The enzyme's thermophilic nature suggests it may have greater inherent stability than mesophilic counterparts, but proper storage conditions remain essential for maintaining catalytic activity over time. Researchers should validate enzyme activity periodically, particularly after extended storage periods or when developing new experimental conditions.

For critical experiments, preparation of fresh enzyme or validation of activity using appropriate assays is recommended to ensure reliable and reproducible results.

How does the structure of Methanopyrus kandleri cobS compare with homologous enzymes in other organisms?

While direct structural information for Methanopyrus kandleri cobS is not provided in the search results, insights can be drawn from studies of related enzymes in the cobalamin biosynthesis pathway across different organisms. Structural studies of other archaeal cobalamin biosynthesis enzymes have revealed significant differences compared to their bacterial counterparts.

For example, studies of the archaeal phosphoribosyltransferase (CobT) from Methanocaldococcus jannaschii revealed distinct structural features compared to the bacterial homolog from Salmonella enterica:

• Different catalytic residues: The archaeal enzyme utilizes an aspartate residue (Asp52) as the general base for catalysis, whereas the bacterial enzyme employs a glutamate residue (E317) .

• Distinct quaternary structure: The dimer interface in the archaeal enzyme differs completely from that observed in the bacterial counterpart, suggesting different modes of subunit interaction and potentially different regulatory mechanisms .

These observations suggest that archaeal cobalamin biosynthesis enzymes, including cobS, may have evolved unique structural features that reflect:

• Adaptation to extreme environments

• Ancient evolutionary divergence between archaea and bacteria

• Potentially different catalytic mechanisms or substrate specificities

A comprehensive structural comparison would require:

• X-ray crystallography or cryo-electron microscopy studies of M. kandleri cobS

• Structural alignment with homologous enzymes from other archaea and bacteria

• Analysis of active site architecture and substrate binding pockets

• Identification of features contributing to thermostability

Such comparative structural analyses would provide valuable insights into the evolution of cobalamin biosynthesis across domains of life and the structural adaptations that enable function in extreme environments.

What spectroscopic and biophysical methods are most effective for characterizing cobS activity and stability?
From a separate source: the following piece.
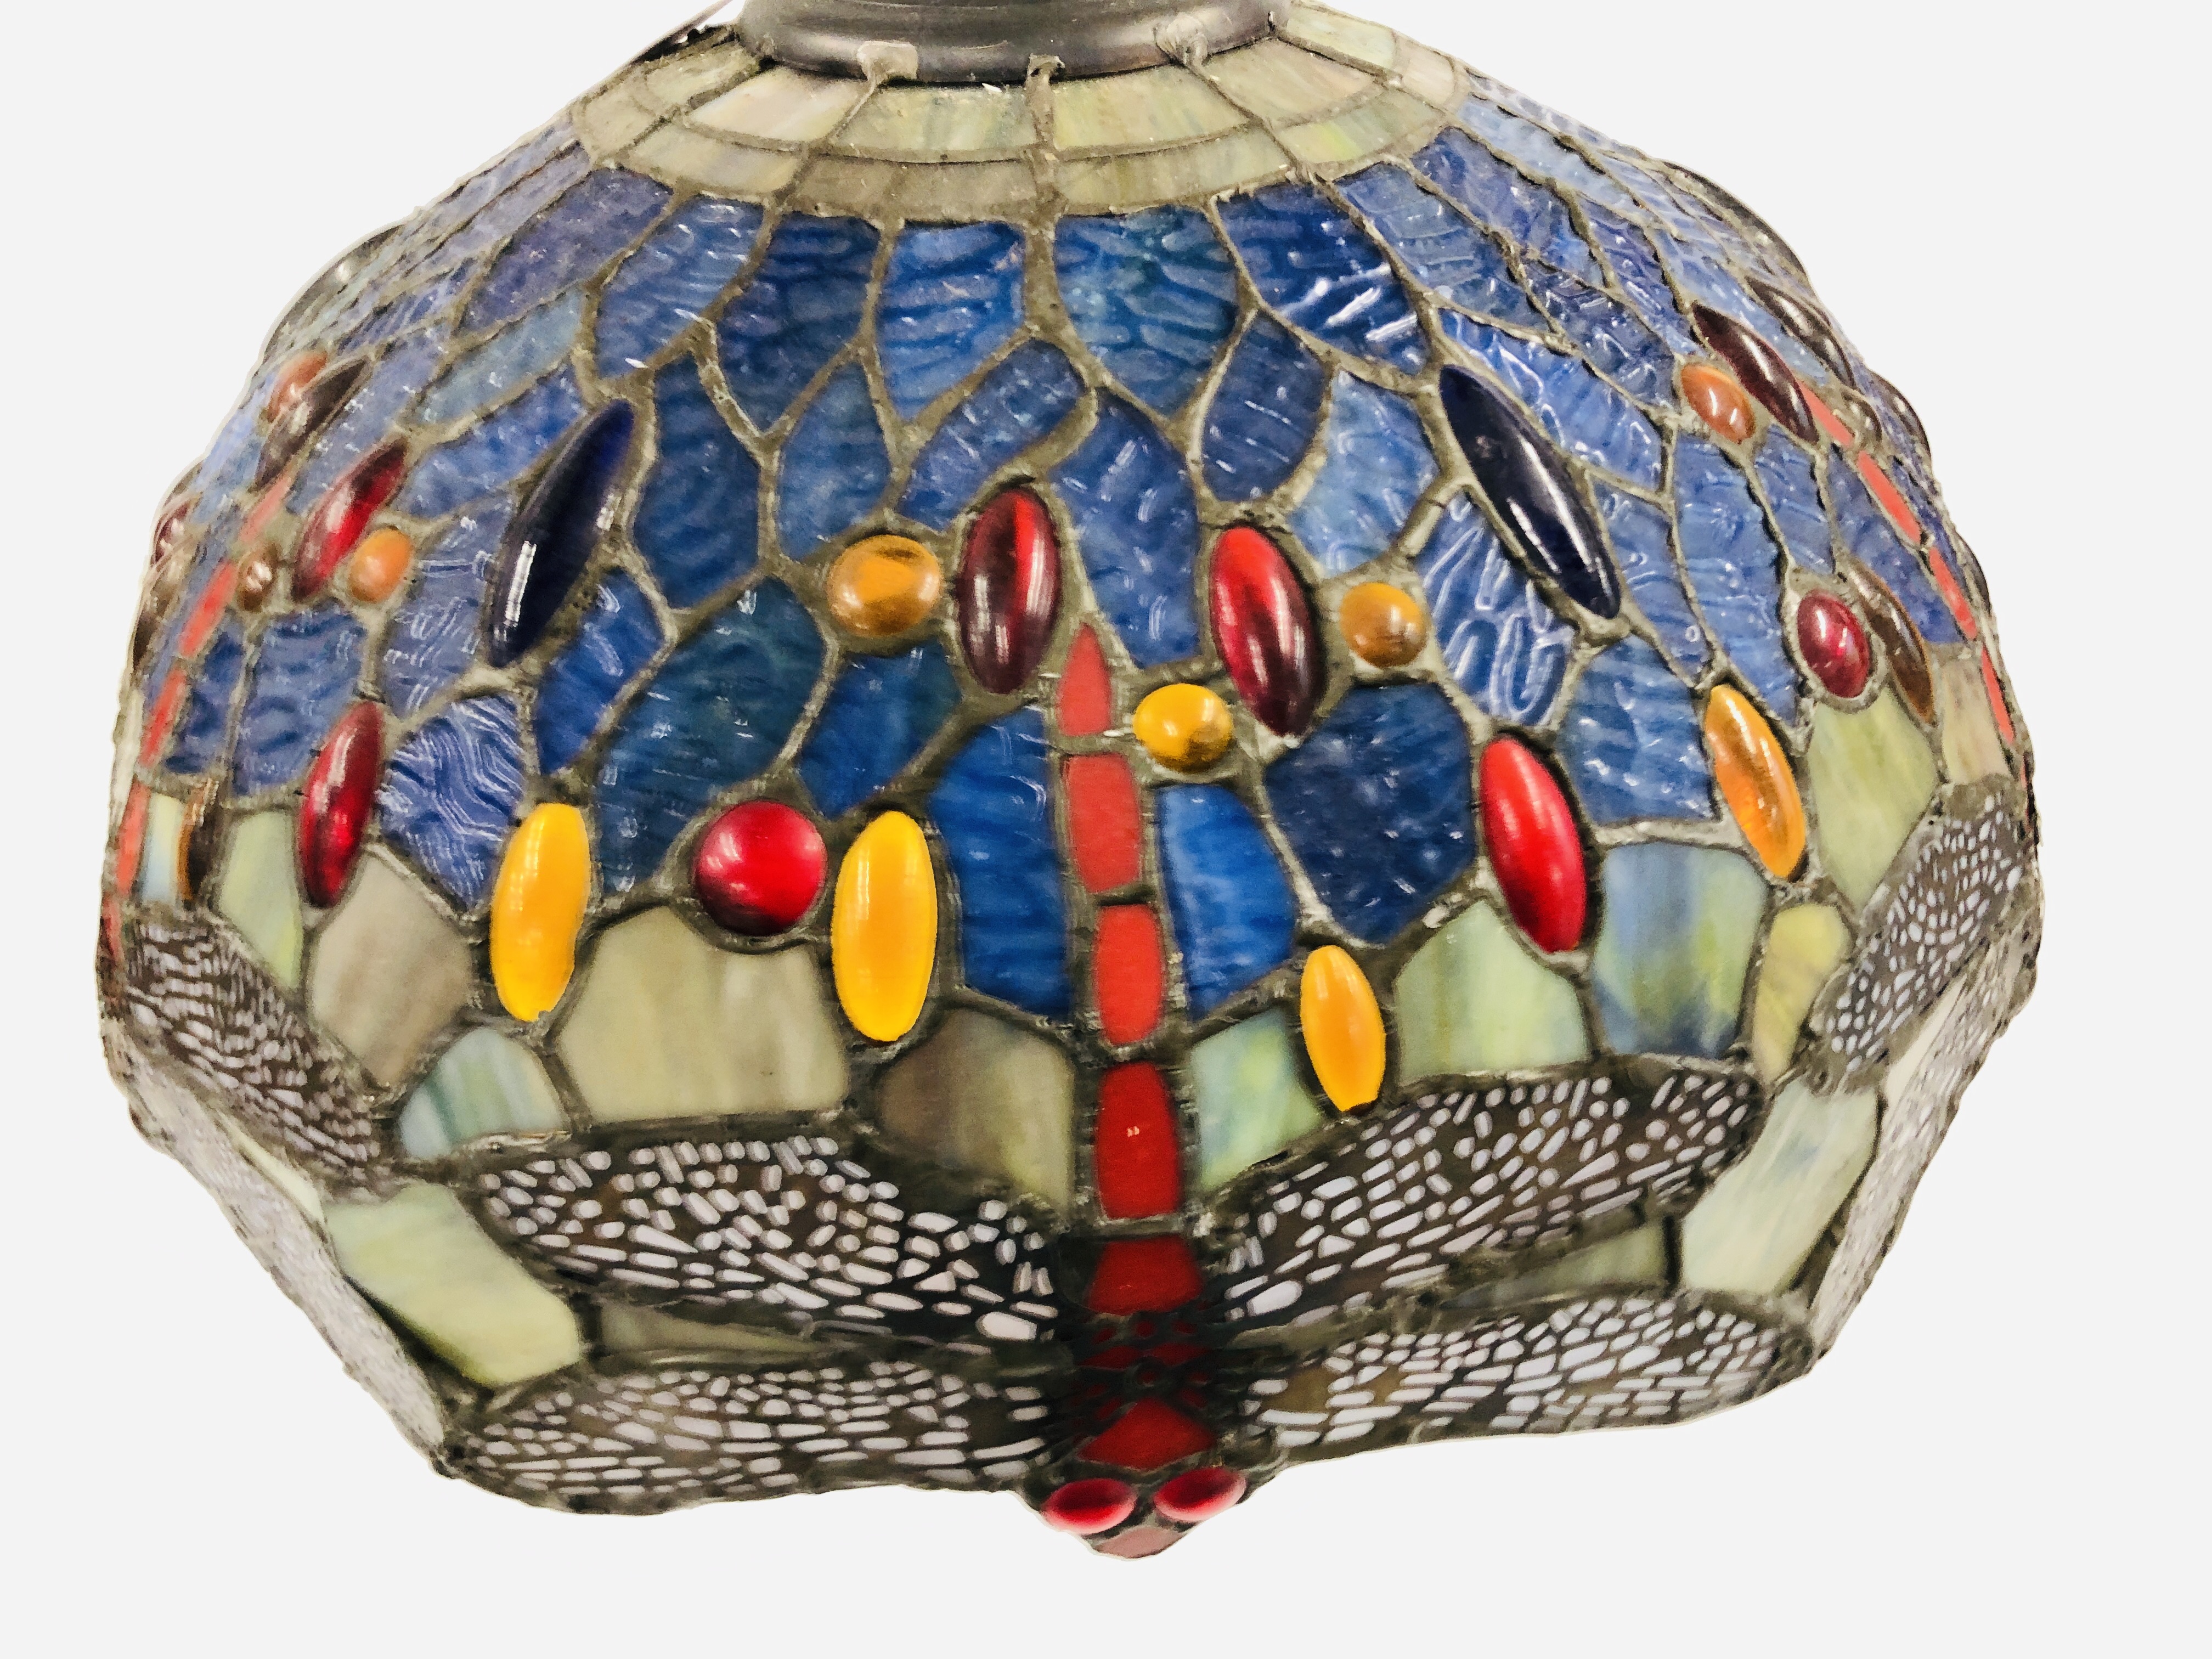 A TIFFANY STYLE STAINED GLASS DRAGONFLY CEILING LIGHT DIA. 40CM. - Image 4 of 7
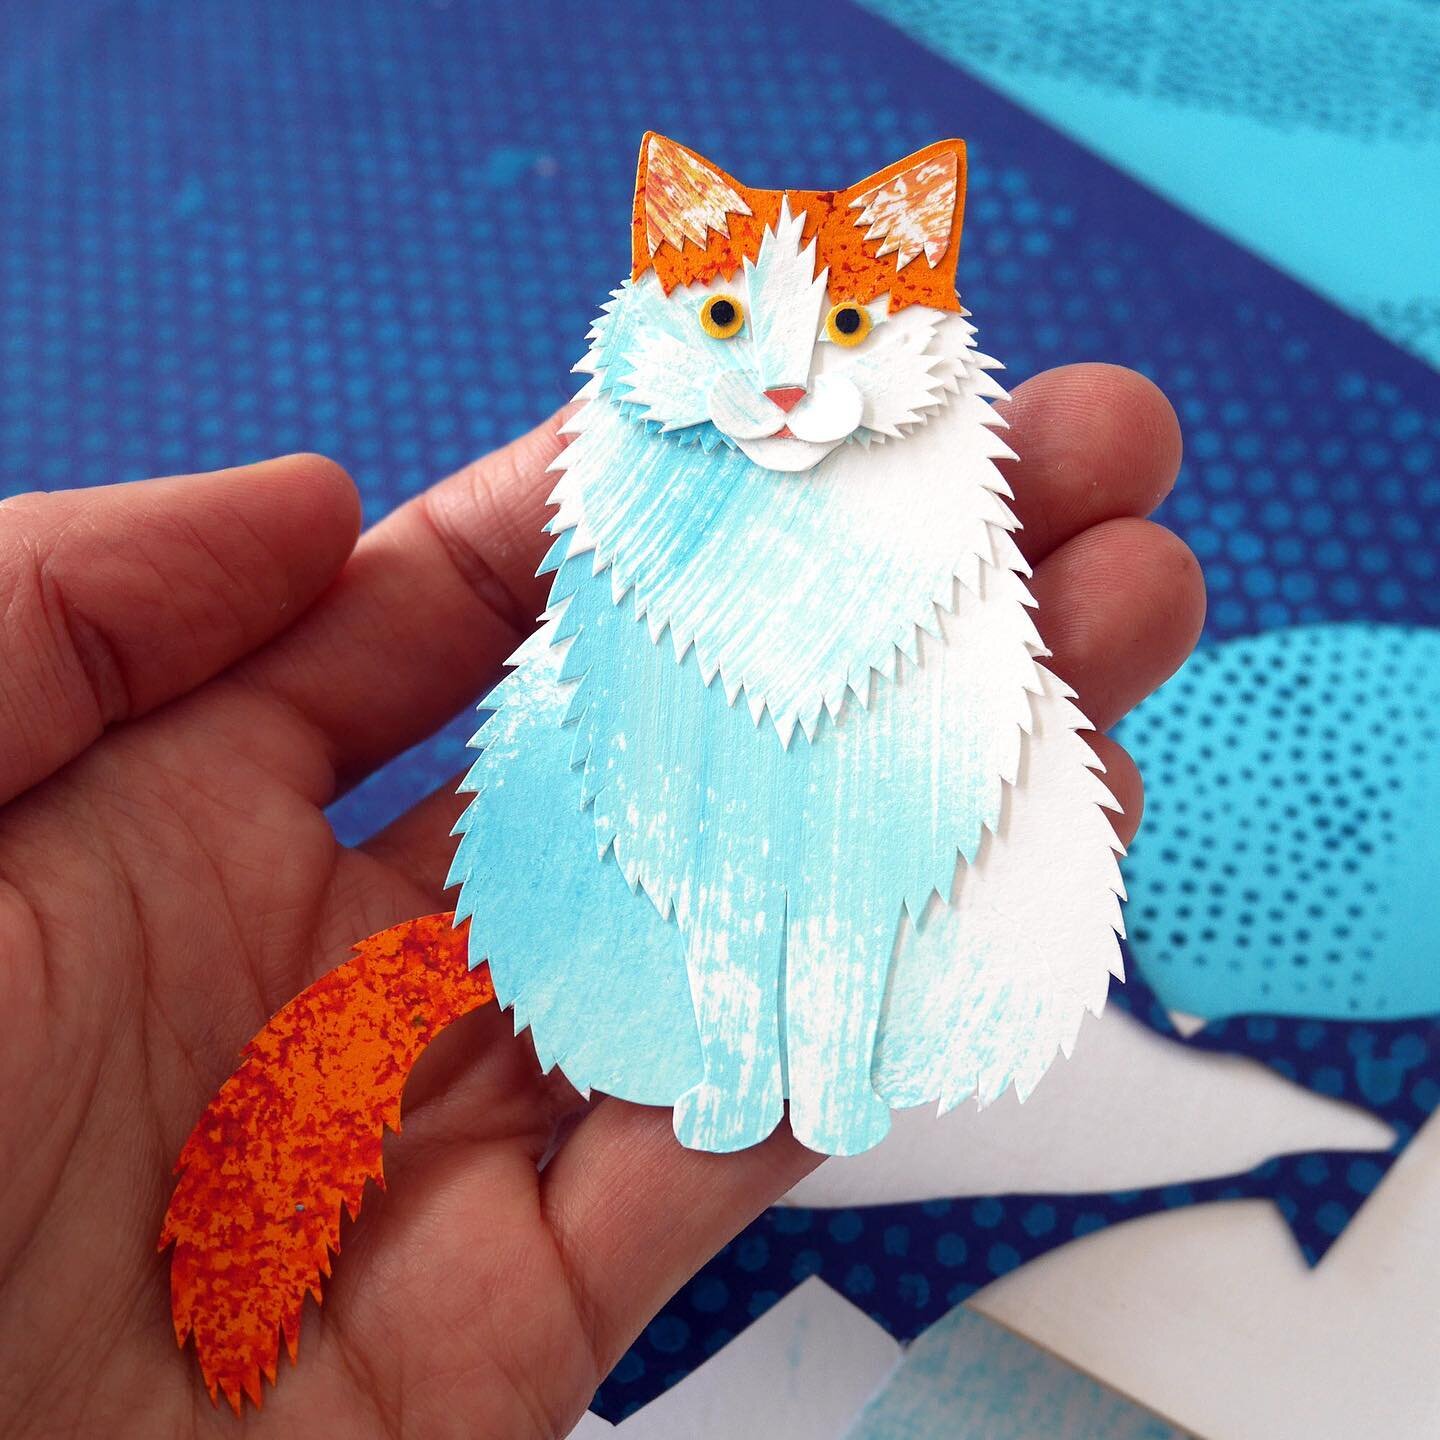 Close-up of Yeti. Soon he&rsquo;ll be seated on his favourite chair.

#yeti #paperillustration #cutpaperillustration #cutpapercollage #cutpaperart #papercat #turkishvancat #turkishvans #turkishvansofinstagram #catportraits #catportrait #papercutcat #

Multiple complementary spectroscopic and biophysical methods can be employed to thoroughly characterize the activity and stability of Methanopyrus kandleri cobS:

• Enzyme activity assays:

  • HPLC-based assays monitoring the conversion of adenosylcobinamide-GDP to adenosyl-cobalamin 5′-phosphate

  • UV-visible spectroscopy leveraging the distinct absorption spectra of cobalamin compounds (typically monitoring around 361 nm and 550 nm)

  • Mass spectrometry to detect and quantify reaction products

  • Coupled enzymatic assays linking cobS activity to a spectrophotometrically detectable reaction

• Thermal stability analysis:

  • Differential Scanning Calorimetry (DSC) to determine the melting temperature (Tm) and thermodynamic parameters of unfolding

  • Circular Dichroism (CD) thermal melts monitoring secondary structure changes during thermal denaturation

  • Thermofluor (differential scanning fluorimetry) assays using environment-sensitive fluorescent dyes

  • Activity assays at various temperatures to establish the temperature optimum and thermal stability profile

• Structural integrity assessment:

  • Circular Dichroism spectroscopy to analyze secondary structure content

  • Tryptophan/tyrosine fluorescence spectroscopy to monitor tertiary structure

  • Size Exclusion Chromatography coupled with Multi-Angle Light Scattering (SEC-MALS) to determine oligomeric state and molecular weight

  • Small-Angle X-ray Scattering (SAXS) for low-resolution structural information in solution

• Ligand binding studies:

  • Isothermal Titration Calorimetry (ITC) to determine binding affinity and thermodynamic parameters

  • Surface Plasmon Resonance (SPR) or Bio-Layer Interferometry (BLI) for binding kinetics

  • Microscale Thermophoresis (MST) for binding affinity determination with minimal protein consumption

• Long-term stability monitoring:

  • Activity assays over time under various storage conditions

  • Size exclusion chromatography to detect aggregation during storage

  • SDS-PAGE to assess potential degradation

Because cobS originates from a hyperthermophile, these methods should be adapted to accommodate high-temperature conditions when appropriate. For instance, activity assays should be conducted at elevated temperatures (65-95°C) that better reflect the native environmental conditions of Methanopyrus kandleri.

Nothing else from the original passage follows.